Everything before the line containing "Legal Client Consultation Report Template" stays out; print that line and all lines below it through the last, exactly.

============================================================

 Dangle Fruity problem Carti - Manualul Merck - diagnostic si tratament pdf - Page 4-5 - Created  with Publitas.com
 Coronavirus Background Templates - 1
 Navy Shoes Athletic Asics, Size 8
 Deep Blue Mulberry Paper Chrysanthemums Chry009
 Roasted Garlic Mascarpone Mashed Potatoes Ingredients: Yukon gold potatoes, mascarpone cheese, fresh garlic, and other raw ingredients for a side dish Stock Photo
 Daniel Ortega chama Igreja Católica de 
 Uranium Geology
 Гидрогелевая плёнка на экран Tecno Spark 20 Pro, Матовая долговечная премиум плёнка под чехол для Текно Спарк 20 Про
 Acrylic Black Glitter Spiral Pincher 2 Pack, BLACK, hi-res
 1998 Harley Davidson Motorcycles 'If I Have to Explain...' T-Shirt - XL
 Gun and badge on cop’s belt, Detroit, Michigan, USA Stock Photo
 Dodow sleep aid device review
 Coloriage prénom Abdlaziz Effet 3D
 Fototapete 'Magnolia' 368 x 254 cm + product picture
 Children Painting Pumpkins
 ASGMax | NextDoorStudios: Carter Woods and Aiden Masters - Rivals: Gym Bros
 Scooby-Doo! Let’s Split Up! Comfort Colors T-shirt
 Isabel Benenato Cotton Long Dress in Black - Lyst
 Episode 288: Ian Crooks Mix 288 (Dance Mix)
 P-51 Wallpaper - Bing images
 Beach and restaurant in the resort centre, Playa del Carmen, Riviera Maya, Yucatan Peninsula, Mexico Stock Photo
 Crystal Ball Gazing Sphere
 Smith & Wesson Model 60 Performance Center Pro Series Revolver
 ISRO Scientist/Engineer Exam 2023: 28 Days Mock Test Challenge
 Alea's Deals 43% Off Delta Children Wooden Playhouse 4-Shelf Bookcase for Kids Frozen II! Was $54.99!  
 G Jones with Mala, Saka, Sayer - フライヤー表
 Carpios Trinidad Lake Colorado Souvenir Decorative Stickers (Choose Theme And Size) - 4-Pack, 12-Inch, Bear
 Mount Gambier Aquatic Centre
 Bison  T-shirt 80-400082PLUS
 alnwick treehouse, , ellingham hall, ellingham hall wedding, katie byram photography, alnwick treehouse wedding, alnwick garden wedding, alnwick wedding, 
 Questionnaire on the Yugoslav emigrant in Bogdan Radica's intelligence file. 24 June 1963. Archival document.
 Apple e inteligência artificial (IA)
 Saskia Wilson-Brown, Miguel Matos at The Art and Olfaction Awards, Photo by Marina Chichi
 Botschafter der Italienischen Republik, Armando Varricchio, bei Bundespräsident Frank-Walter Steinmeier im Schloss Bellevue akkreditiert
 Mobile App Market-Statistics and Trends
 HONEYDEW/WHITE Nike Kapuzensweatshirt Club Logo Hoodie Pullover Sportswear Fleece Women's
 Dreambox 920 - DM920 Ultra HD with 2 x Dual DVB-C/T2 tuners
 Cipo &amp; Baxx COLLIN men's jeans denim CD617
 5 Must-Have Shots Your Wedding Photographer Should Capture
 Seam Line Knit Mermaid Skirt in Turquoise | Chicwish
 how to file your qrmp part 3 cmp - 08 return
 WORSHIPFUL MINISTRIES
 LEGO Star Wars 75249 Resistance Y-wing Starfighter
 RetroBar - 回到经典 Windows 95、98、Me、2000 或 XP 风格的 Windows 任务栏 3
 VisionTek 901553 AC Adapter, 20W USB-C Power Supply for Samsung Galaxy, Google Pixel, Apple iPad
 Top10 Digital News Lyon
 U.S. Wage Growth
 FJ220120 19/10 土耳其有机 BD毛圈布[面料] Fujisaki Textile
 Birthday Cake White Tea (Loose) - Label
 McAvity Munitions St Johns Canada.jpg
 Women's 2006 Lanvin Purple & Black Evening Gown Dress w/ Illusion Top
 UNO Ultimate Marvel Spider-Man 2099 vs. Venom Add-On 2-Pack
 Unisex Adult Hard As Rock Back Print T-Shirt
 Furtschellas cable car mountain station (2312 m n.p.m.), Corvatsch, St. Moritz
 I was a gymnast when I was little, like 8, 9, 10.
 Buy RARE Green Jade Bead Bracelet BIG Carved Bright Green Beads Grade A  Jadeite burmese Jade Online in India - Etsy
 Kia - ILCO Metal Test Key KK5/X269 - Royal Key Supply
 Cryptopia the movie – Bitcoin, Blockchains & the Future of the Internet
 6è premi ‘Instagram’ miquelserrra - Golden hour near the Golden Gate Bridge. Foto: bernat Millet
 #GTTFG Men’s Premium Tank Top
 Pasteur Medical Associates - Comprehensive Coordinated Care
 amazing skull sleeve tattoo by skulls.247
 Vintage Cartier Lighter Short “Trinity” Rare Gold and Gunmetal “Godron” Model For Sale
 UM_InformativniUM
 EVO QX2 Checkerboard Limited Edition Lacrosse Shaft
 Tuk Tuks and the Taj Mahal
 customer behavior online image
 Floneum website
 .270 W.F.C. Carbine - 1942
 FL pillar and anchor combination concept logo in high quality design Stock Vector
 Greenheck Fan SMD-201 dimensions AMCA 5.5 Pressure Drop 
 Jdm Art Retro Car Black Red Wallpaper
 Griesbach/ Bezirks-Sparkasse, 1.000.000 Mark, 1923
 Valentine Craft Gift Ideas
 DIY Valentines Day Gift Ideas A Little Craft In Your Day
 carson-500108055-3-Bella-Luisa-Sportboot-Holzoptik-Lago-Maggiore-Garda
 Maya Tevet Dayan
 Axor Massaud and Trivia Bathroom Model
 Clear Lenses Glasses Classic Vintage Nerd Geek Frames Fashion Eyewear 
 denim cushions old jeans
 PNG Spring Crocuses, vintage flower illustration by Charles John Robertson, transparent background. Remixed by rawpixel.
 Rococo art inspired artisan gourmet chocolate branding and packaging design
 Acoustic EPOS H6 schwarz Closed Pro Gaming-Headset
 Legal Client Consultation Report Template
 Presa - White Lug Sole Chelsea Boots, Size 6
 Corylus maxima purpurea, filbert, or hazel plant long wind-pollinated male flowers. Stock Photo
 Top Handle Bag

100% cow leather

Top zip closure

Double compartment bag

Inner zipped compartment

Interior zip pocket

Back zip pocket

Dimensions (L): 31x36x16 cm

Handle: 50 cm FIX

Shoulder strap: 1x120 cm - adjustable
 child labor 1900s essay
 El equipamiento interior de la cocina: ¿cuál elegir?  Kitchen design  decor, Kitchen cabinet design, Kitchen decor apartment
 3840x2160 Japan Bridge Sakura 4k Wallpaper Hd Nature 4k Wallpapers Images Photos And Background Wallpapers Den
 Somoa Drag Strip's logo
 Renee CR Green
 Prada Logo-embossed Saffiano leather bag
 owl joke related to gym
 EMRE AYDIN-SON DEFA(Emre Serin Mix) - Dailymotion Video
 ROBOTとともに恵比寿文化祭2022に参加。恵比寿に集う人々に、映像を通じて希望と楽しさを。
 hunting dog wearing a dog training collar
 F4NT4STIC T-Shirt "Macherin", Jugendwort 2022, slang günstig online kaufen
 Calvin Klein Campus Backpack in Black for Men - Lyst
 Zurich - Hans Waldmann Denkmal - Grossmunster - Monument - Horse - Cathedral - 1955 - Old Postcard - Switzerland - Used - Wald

============================================================

• [Answer to this task]:
 Legal Client Consultation Report Template
 Presa - White Lug Sole Chelsea Boots, Size 6
 Corylus maxima purpurea, filbert, or hazel plant long wind-pollinated male flowers. Stock Photo
 Top Handle Bag

100% cow leather

Top zip closure

Double compartment bag

Inner zipped compartment

Interior zip pocket

Back zip pocket

Dimensions (L): 31x36x16 cm

Handle: 50 cm FIX

Shoulder strap: 1x120 cm - adjustable
 child labor 1900s essay
 El equipamiento interior de la cocina: ¿cuál elegir?  Kitchen design  decor, Kitchen cabinet design, Kitchen decor apartment
 3840x2160 Japan Bridge Sakura 4k Wallpaper Hd Nature 4k Wallpapers Images Photos And Background Wallpapers Den
 Somoa Drag Strip's logo
 Renee CR Green
 Prada Logo-embossed Saffiano leather bag
 owl joke related to gym
 EMRE AYDIN-SON DEFA(Emre Serin Mix) - Dailymotion Video
 ROBOTとともに恵比寿文化祭2022に参加。恵比寿に集う人々に、映像を通じて希望と楽しさを。
 hunting dog wearing a dog training collar
 F4NT4STIC T-Shirt "Macherin", Jugendwort 2022, slang günstig online kaufen
 Calvin Klein Campus Backpack in Black for Men - Lyst
 Zurich - Hans Waldmann Denkmal - Grossmunster - Monument - Horse - Cathedral - 1955 - Old Postcard - Switzerland - Used - Wald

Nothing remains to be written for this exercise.